After Appellant made the threat and left the front office, Anderson alerted Hodge. Hodge testified that she is a police officer with the Fort Worth Police Department who was assigned to the school as a School Initiative Officer. Hodge also testified that the Fort Worth Police Department is an official agency that deals with emergencies. After Hodge was contacted by Anderson, she conducted an investigation, in which she took statements from Jackson and Anderson, talked to Appellant, and wrote a report.

Appellant does not argue that his comment did not cause action by Hodge, instead Appellant contends that his statement did not cause action by any official other than Hodge. Appellant argues that Hodge, as a campus police officer who is involved several times a month in handling incidents at school, is not the type of official contemplated by section 42.06(a)(1). We disagree.

Apparently, Appellant contends that Hodge’s investigation would be enough proof that Appellant’s threats caused action on the part of an official agency if she were assigned to the station house instead of the school house. However, we find this argument to be outside the parameters of section 42.06(a)(1). The penal code merely provides that the statement would ordinarily “cause action by an official or volunteer agency organized to deal with emergencies.” Tex. Penal Code Ann. § 42.06(a)(1). This section does not differentiate among the locations of the officials at the time the statement is made. As Hodge testified, she was stationed to the campus to enforce the law. The fact that Hodge is assigned to the campus instead of the station house should not be a consideration in whether Appellant’s threats caused Hodge to act.

After a careful review of the record, we hold that there was some evidence to sup*293port the trial court’s ruling. Additionally, based on the record in this case, we cannot say that the trial court’s ruling is so against the great weight and preponderance of the evidence as to be clearly wrong and manifestly unjust. We overrule Appellant’s third and fourth points.

IV. CONCLUSION

Having overruled Appellant’s four points on appeal, we affirm the trial court’s judgment.

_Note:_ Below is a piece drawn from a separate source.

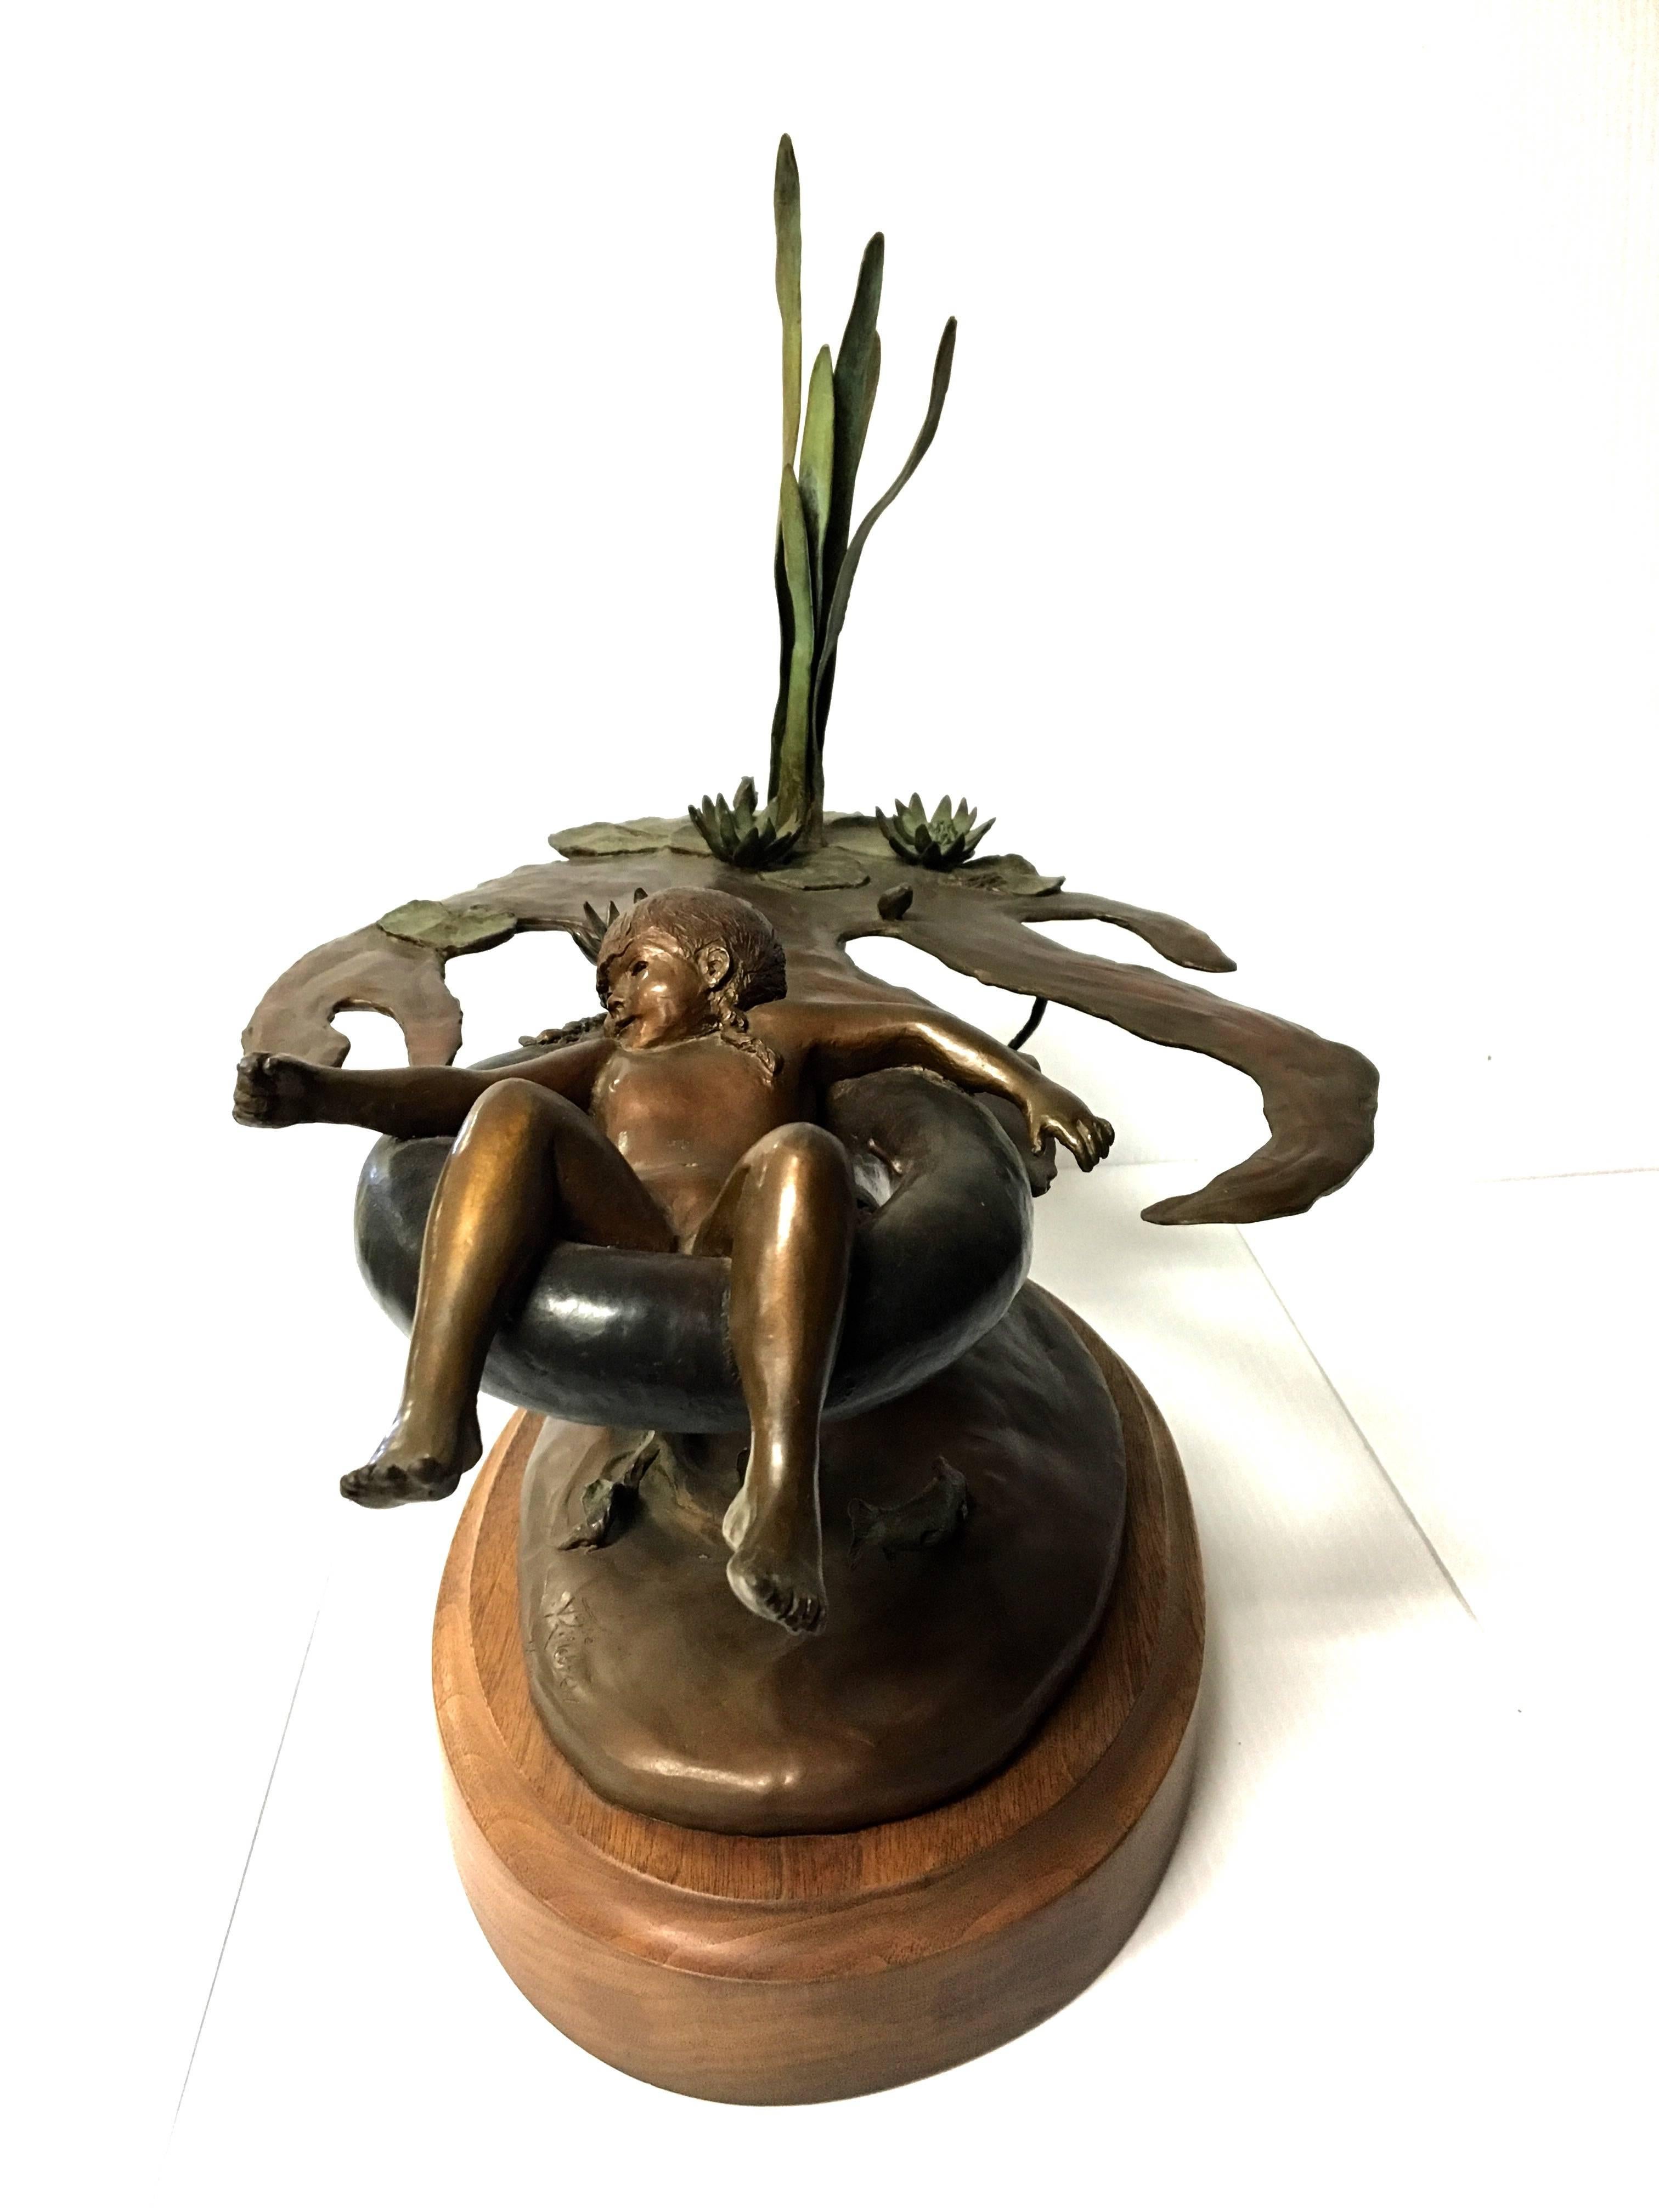 American Whimsical Bronze Sculpture by Joyce Killebrew Signed and Numbered

. While Appellant argues that the State had to prove that he knew the report was false and baseless, the State only alleged in their pleadings that Appellant knew the report was baseless.

. The State urges us to employ the civil standard of review in our determination of the legal sufficiency of the evidence to support a trial court’s adjudication of delinquency. We have recently held, however, that Jackson v. Virginia is the appropriate standard to utilize in analyzing whether the evidence is legally sufficient to show a juvenile engaged in delinquent conduct as alleged in the State’s petition. In re J.S., 35 S.W.3d 287, 292 (Tex.App.—Fort Worth 2001, no pet.).